Output each entry below as it stands, leaving out every picture.
━━ Data records ━━
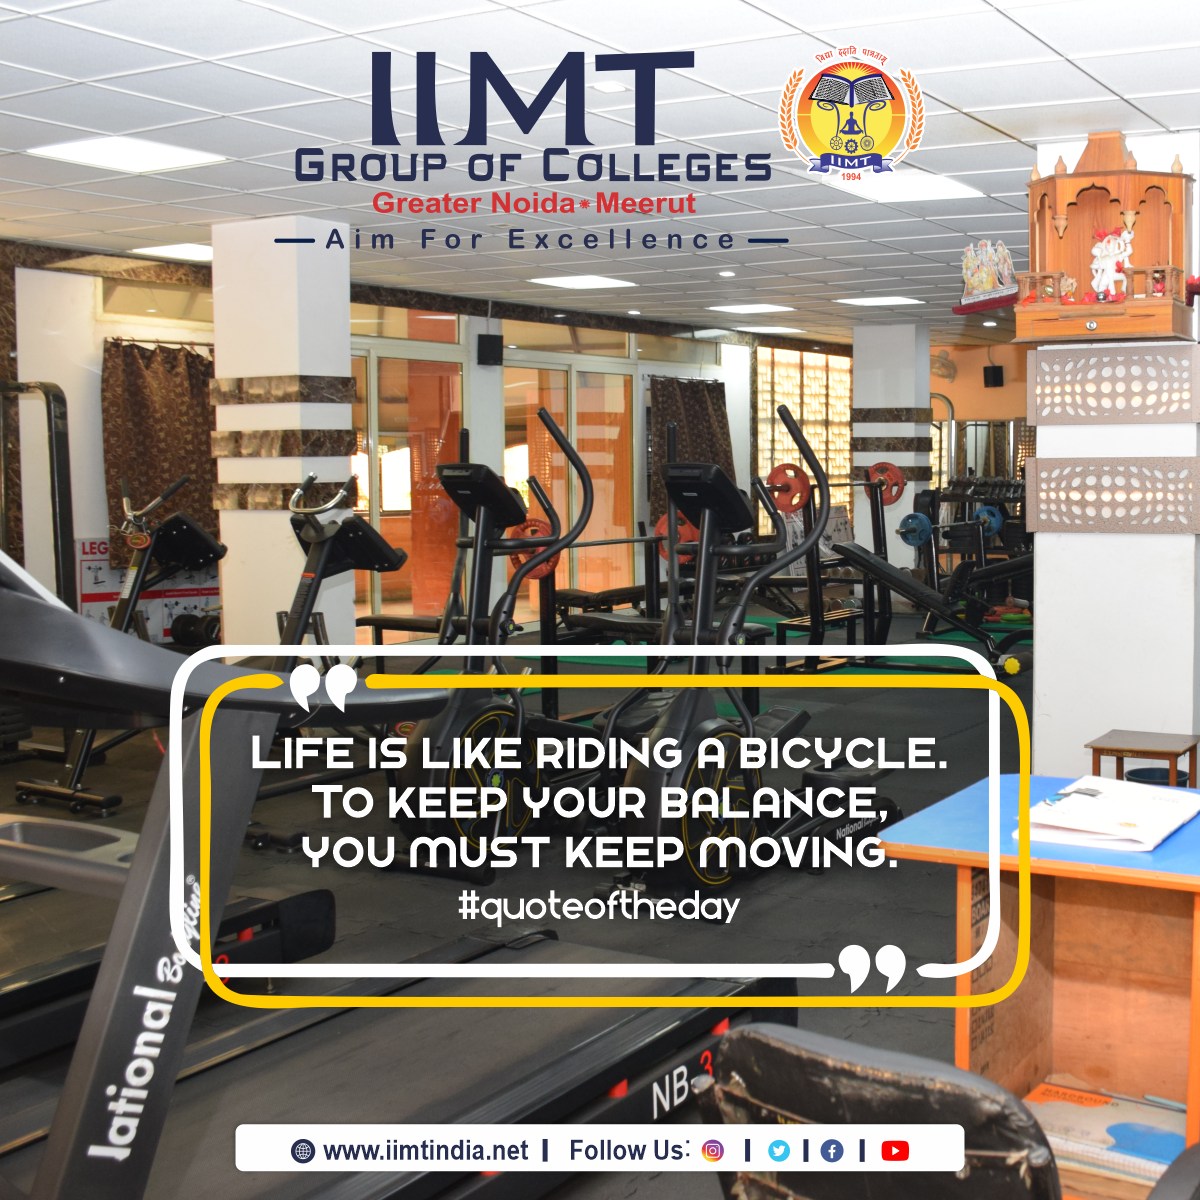 'Life is like riding a bicycle. To keep your balance, you must keep moving.'
.
iimtindia.net
Call Us: 9520886860
.
#quoteoftheday #thoughtoftheday #IIMTIndia #AdmissionOpen2024
#EngineeringCollege #AKTUadmission
#MBAadmission #MCAadmission2024
#CollegeofPharmacy
━━━
> Result for this exercise
 'Life is like riding a bicycle. To keep your balance, you must keep moving.'
.
iimtindia.net
Call Us: 9520886860
.
#quoteoftheday #thoughtoftheday #IIMTIndia #AdmissionOpen2024
#EngineeringCollege #AKTUadmission
#MBAadmission #MCAadmission2024
#CollegeofPharmacy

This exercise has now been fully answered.